|Nostalgia (in large format) work in progress 24 x 38|
This week I'm tackling full sheet painting. I'm working on a large version of the 6x6 I have in the Randy Higbee exhibit. I will admit I've been slightly intimidated with the size of it. Even the preparation for working at this size was more complicated. I stretch my paper, so the first step to this process was buying a half sheet of plywood. Once I had that polyurethaned both sides I was able to stretch my paper. I work out of my dining room and a half sheet of plywood is pretty much all encompassing. I could cut down the plywood, but I may want to do some even larger paintings so at the moment I'm leaving it as it. I am going to back up and tell you how I stretch my paper because I had a conversation with another watercolor artist last week and learned that we do things very differently.
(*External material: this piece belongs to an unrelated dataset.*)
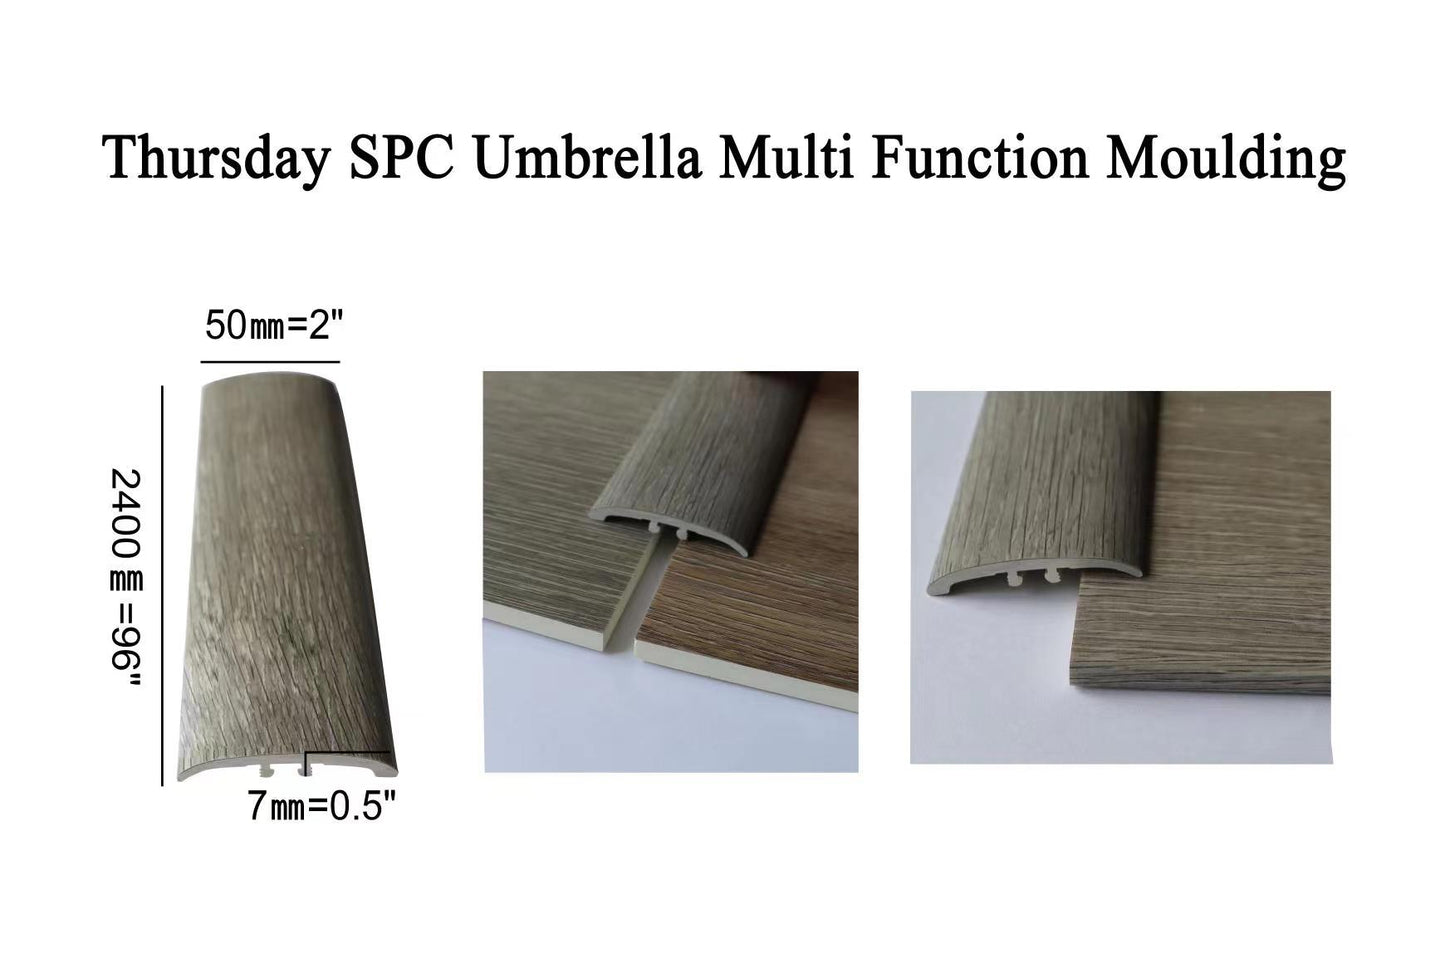 thursday umbrella multi purpose moulding 2400x50x7mm (95"H* 2"W  * 7mm d) 8 feet long $6/pc*

I wet my paper completely both sides in the shower. I just turn on the shower and hold it in the stream for a few minutes manipulating it to make sure the entire thing gets wet. I then lay this flat on my board and staple around the entire paper about 1/2" from the edge and about every 2 inches or so. After this dries, and it always looks scary during the drying process, full of waves, and every time I think that is not going to dry flat and it always does. It takes about a day to dry.
|my stretched paper on my very large board|
During this time I work out my drawing on another sheet of paper. I do my drawing to scale and after my paper is completely dry I transfer it using graphite paper. I make my own graphite paper. I learned this from a fellow artist during a workshop. Take a sheet of tracing paper, cover it entirely with graphite using a graphite stick (not a fun job) after it is completely covered wipe it down with a paper towel damp with rubbing alcohol or lighter fluid. I have used both and find rubbing alcohol to work better. After you've wiped it down, take a cloth or paper towel and rub it down again to get the residual graphite off of the paper. The paper becomes almost impregnated with the graphite. It works very well. I think it is worth making your own because any store bought paper I've used leaves a lot of heavy graphite on the watercolor paper while you're transferring the drawing. I like a light pencil line.
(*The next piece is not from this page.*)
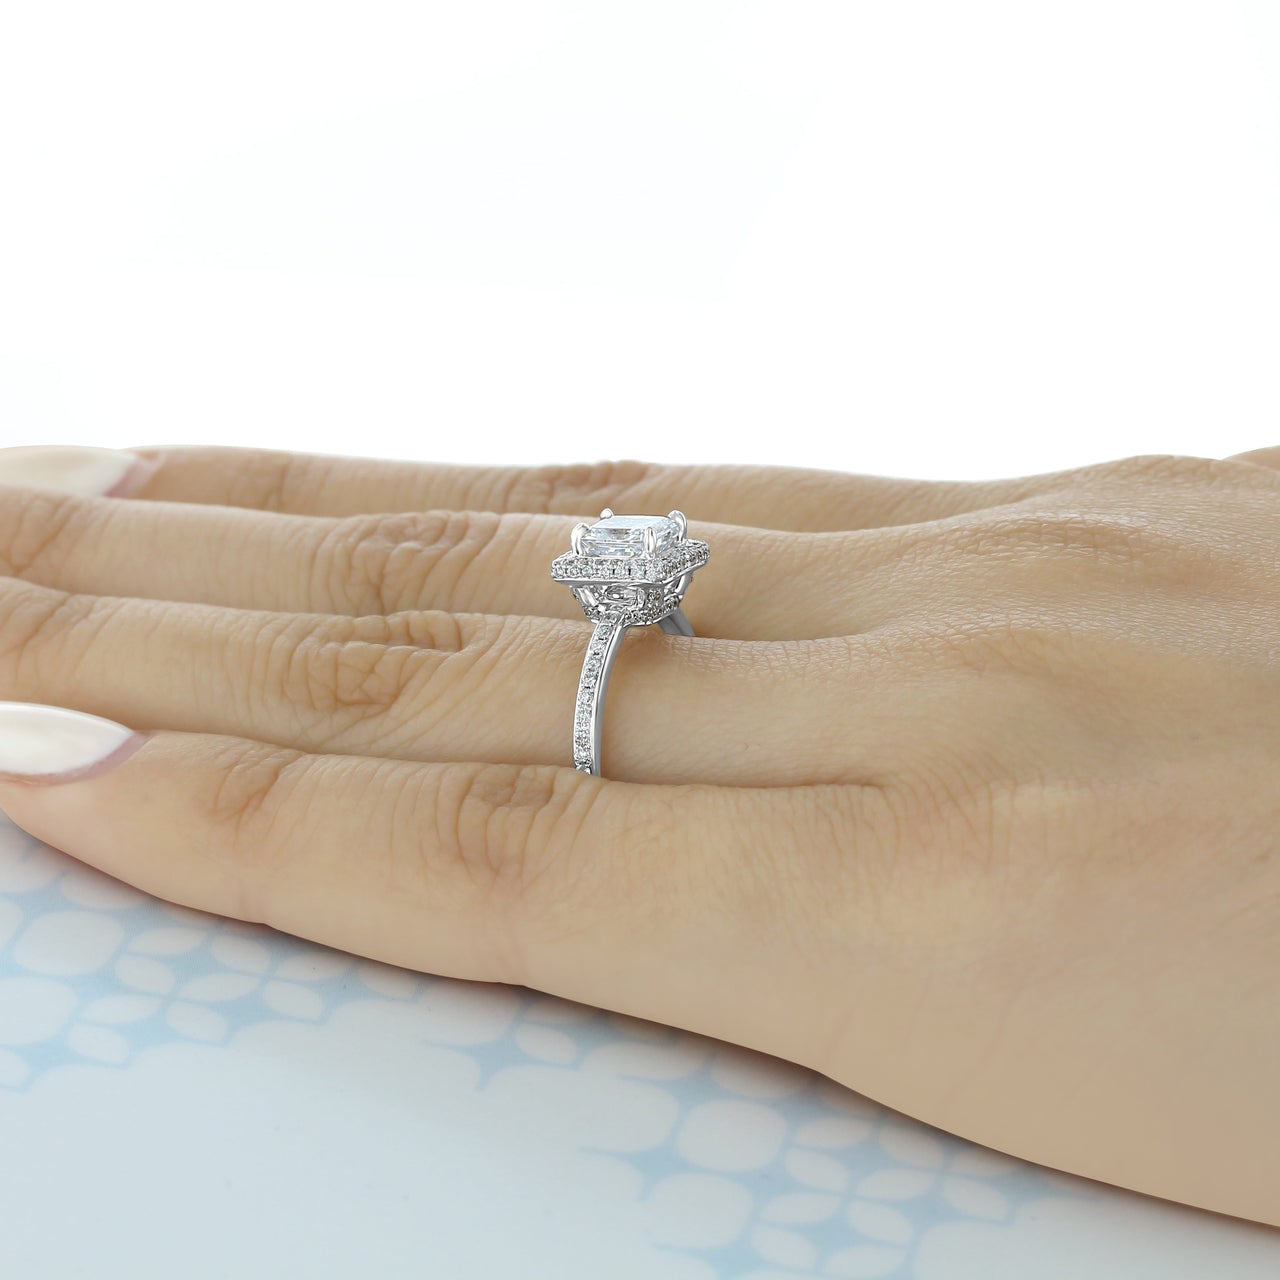 Ethically Princess Cut Diamond Ring

|my home-made graphite paper|
I also use a mechanical pencil to transfer my drawing, they are great, always sharp and very fine lines. As soon as the drawing is transferred I'm off and running and ready to paint. I paint section by section and mostly wet on dry. I do use wet on wet techniques in controlled areas. I like to complete one area at a time so I can see how it's going to turn out. I don't leave that area until I'm satisfied and it is in the final stage, of course at the end I may go back and tweak here and there, but for the most part I want it completed before I move on to the next section.
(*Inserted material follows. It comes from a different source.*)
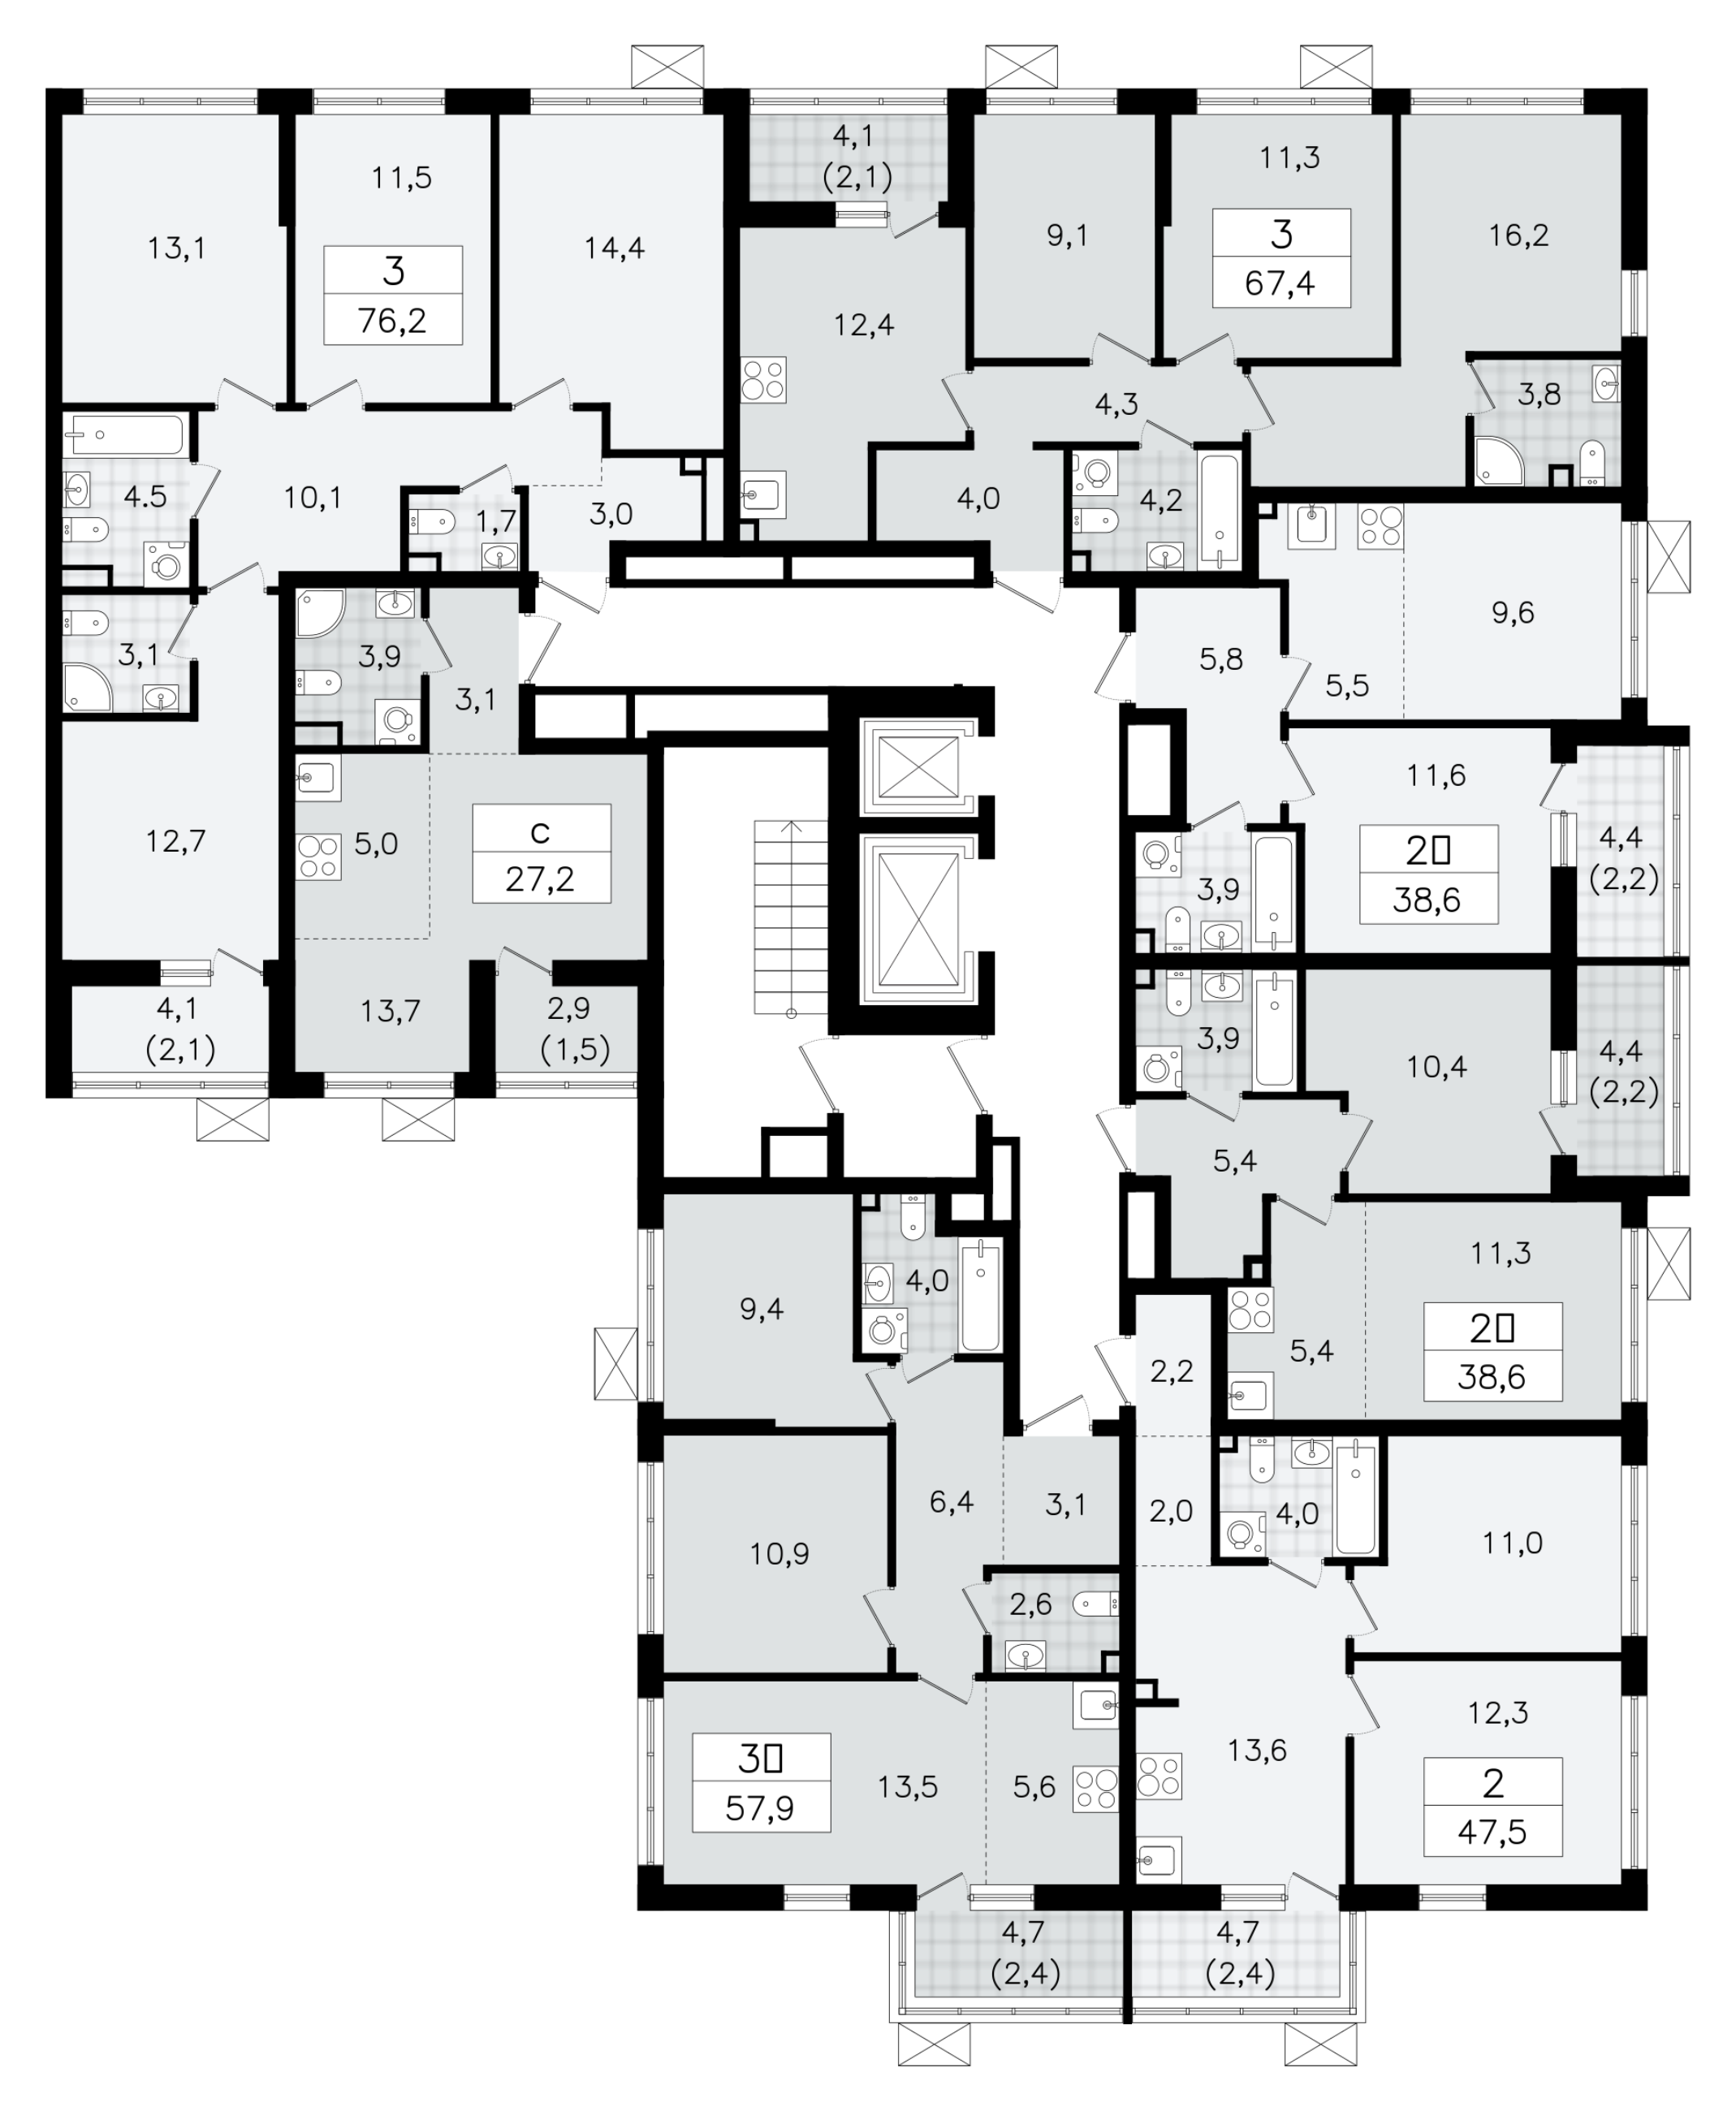 2-комнатная (Евро) квартира, 38.6 м² - планировка этажа

|My painting in stages. The blue stuff is tape, I tape off the edges so that I'm left with nice crisp border when I'm done. |
|A look at my work area/dining room|
I do want to give a shout out to the great and talented Julie Hill
who gave me some pointers on painting large scale and has been terrific moral support. Check out her work it's beautiful! That is just one of many things I love about blogging, the support and friendship is invaluable:)
Steven did do a painting this week. Should I be worried? Maybe he's in a black period, but at 4 years old!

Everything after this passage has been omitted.